CC Lab | Arduino – Final Project Idea & Prototype

Final Project Idea & First Prototype

For my final project with Arduino, I wanted to explore the idea of technology as magic. This isn’t a new idea, and Virilio talks about it in Vision Machine when he discusses travellers in the past impressing others with technological marvels that were seen as magic. Recently I have been looking at a lot of the hard parts of technology, privacy, data-tracking, data-mining, digital identities, artificiality etc. etc. etc. So for this project I wanted to return to the roots of why I love technology so much, its ability to help you create amazing, wonderful, magical things!

The Idea

For my final I wanted to recreate something mythical/magical from popular culture using Arduino. I was first inspired to do this after watching this AMAZING video of Thor’s hammer using Arduino, electromagnets, and a fingerprint sensor. (check it out!!!)


I also found an AMAZING treasure chest that someone built for their kids!

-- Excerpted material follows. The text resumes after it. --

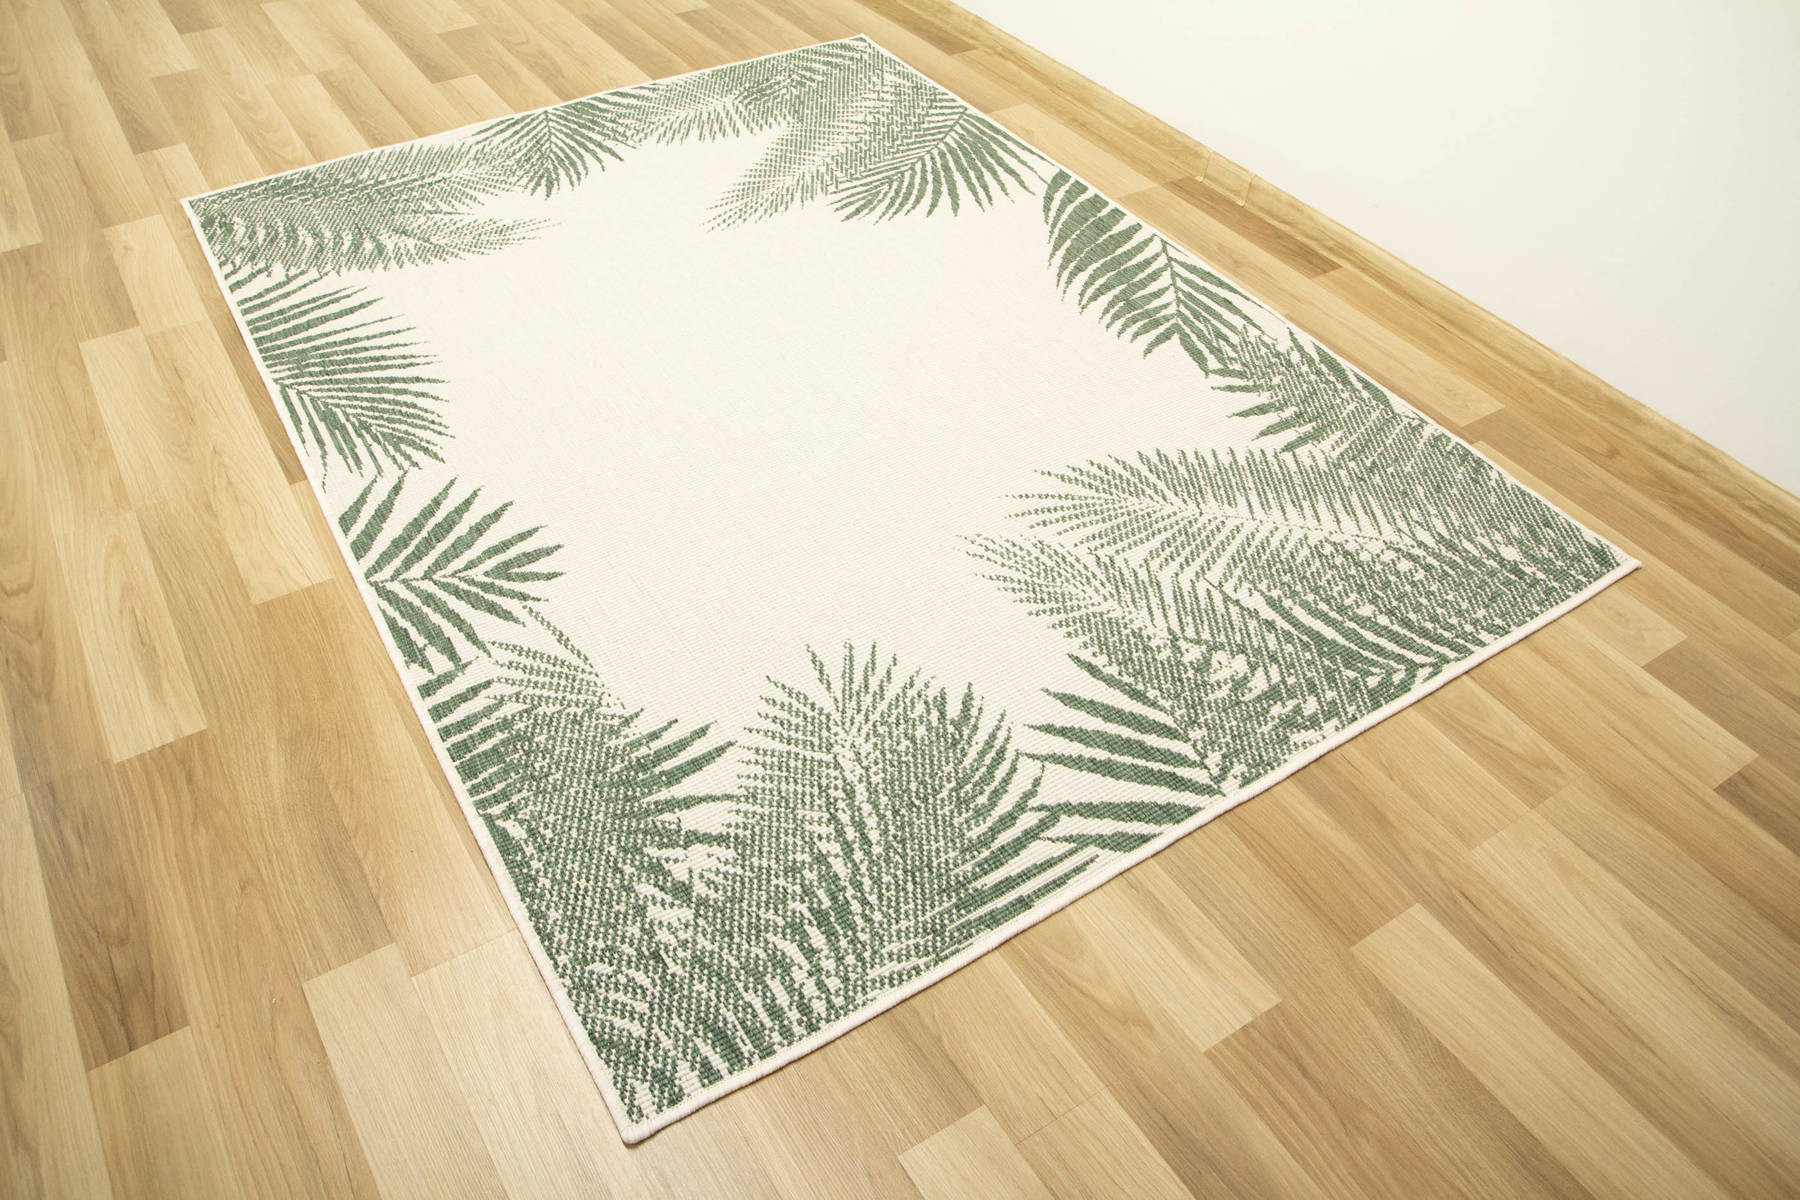 Šnúrkový obojstranný koberec Brussels 205183/10520 zelený

I wanted to do something similar to this, but because I’m more of a video game nerd than a comics nerd, I decided that I wanted to replicate either (first level goal) a treasure chest from Zelda or (second level goal) the sword of time/Excalibur. Basically, I want to control an electromagnet one way or another to keep a lock closed, either a latch lock or something that would hold a sword.

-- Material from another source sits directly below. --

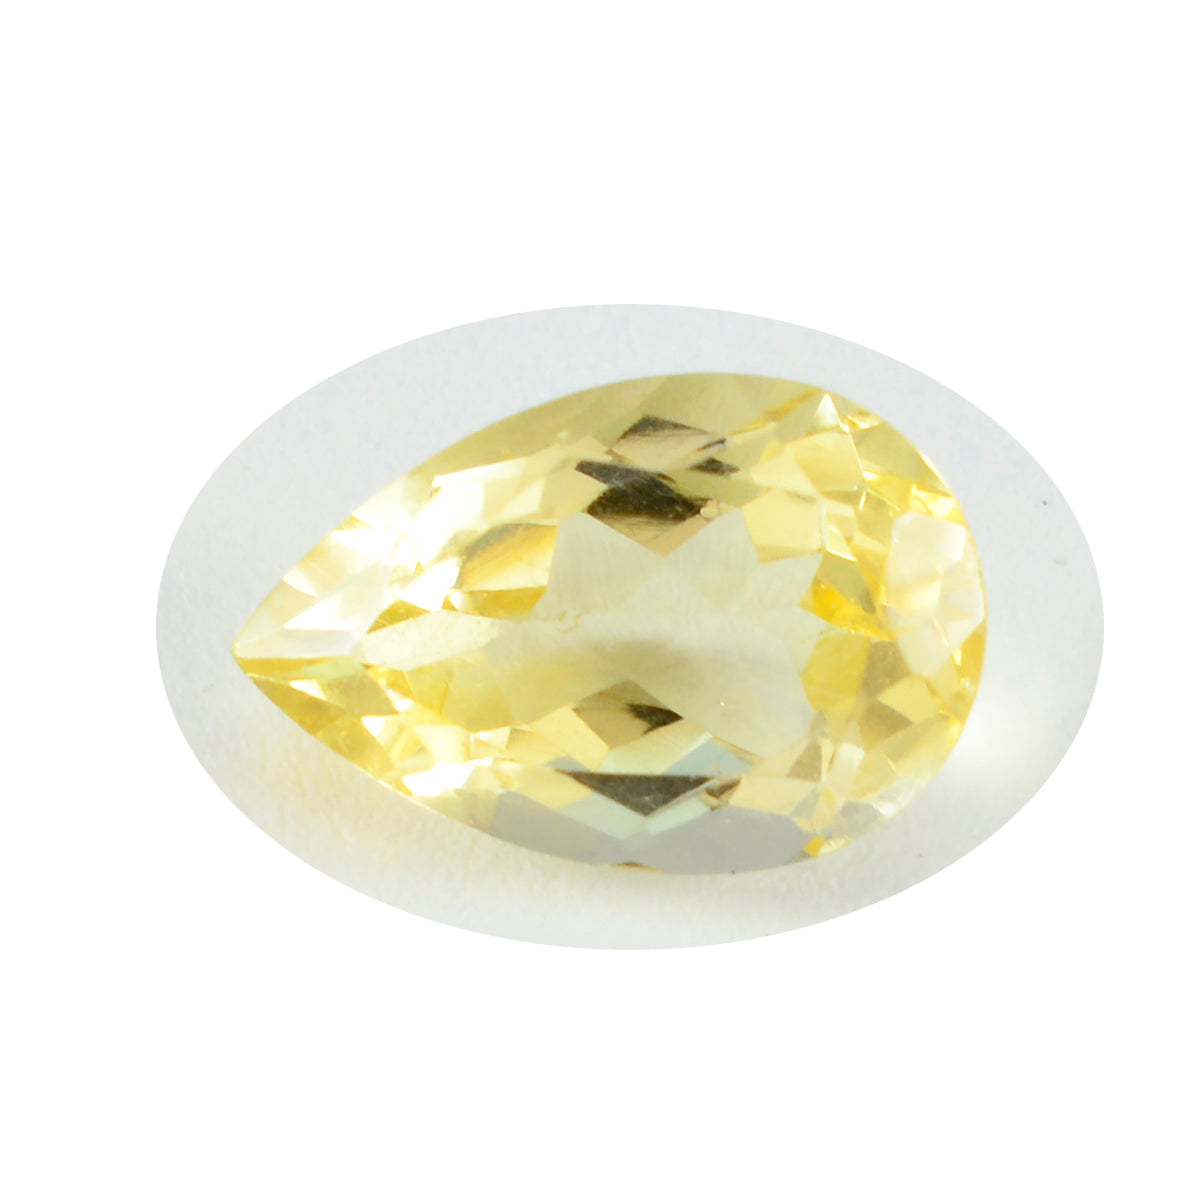 riyogems 1шт натуральный желтый цитрин ограненный 12x16 мм грушевидная форма сладкий качественный сыпучий драгоценный камень

At first, I thought I would build my own electromagnet, and then I got a little nervous I was going to electrocute myself. However when looking up how to make one, I saw a video of people hacking into an electromagnetic lock they bought from the store, controlling it using commands from their computer (also a wireless Xigby model).

From this video I was inspired to order my own electromagnetic locks off of eBay, both the kind they had in this video (which intimidated me a little) and a smaller one similar to one I saw featured on Adafruit – which provides some tips for use.

However, the big problem I had with these locks was how to power them. I’m not really an expert on Arduino, and I knew that they needed at least 12v to run, while my board only provides 5v max. So I knew I had to run them from an external power supply, but somehow not fry my board. Great….

Luckily I came across a great Instructables on Powering a Solenoid (that is what these locks are) that really taught me about how the current works and what needs to go where so as to make sure you are controlling the current – it turns out that it converts it to heat, ouch burns from the transistor!!!

I had already ordered a switching power supply from Adafruit as per their example but turns out I just need 2 9v batteries wired in a series, which I also learned how to do on Instructables…

So with all of this in mind, and 2 tutorials to kind of pull together into my own thing, I felt confident to try it – and hopefully not fry my board!

IMAG5323 IMAG5325

The Circuit

Lock Sketch

The basics of this is that you wire in the batteries to get a max voltage of 18v, plenty enough to power the lock. You then wire in a ground to your board, and a wire to pin 13, which will be used to control the lock. Then you connect the lock, but you have to use a transistor, a diode, and a resistor to get the current right so you don’t fry your Arduino board. I learned that the transistor 3 legs(from left to right) are B, C, E: Base, Collector, Emitter. I had to connect the output pin 13 to the base leg, using a 1k resistor to balance out the current. Then I connected the Emitter leg to the ground channel of the circuit. Finally, I connected the Base leg (middle leg) to the ground leg of the solenoid lock, and the power leg of the solenoid lock to the power that is running the battery.
To finish off the circuit, I had to use a diode to prevent “kickback” voltage that occurs when you turn the lock off and have extra stored current. This prevents the kickback voltage from damaging the circuit. The only thing I got wrong at first is putting the diode the wrong way, since it is polarized and its orientation actually matters.

That’s it! According to the instructable, I ran the blink sketch with both of the locks I have just to see if they are working.

Prototype Videos

After getting the blink sketch to work on both motors – hooray! – I needed to try controlling the locks more directly, since this will be how I control either of them for my final. I took a look at the code from the first video above, and found they were sending simple keyboard commands to their lock to get it to switch to high and low, so I decided to get that working for now as a placeholder – sensor values can easily be replaced for these later.


Here is a link to the code on my GitHub.

Next Steps

  • Build an awesome container for one of these locks to go on
  • Decide on which sensor will open the lock. Maybe an RFID if I can get one up and running!!!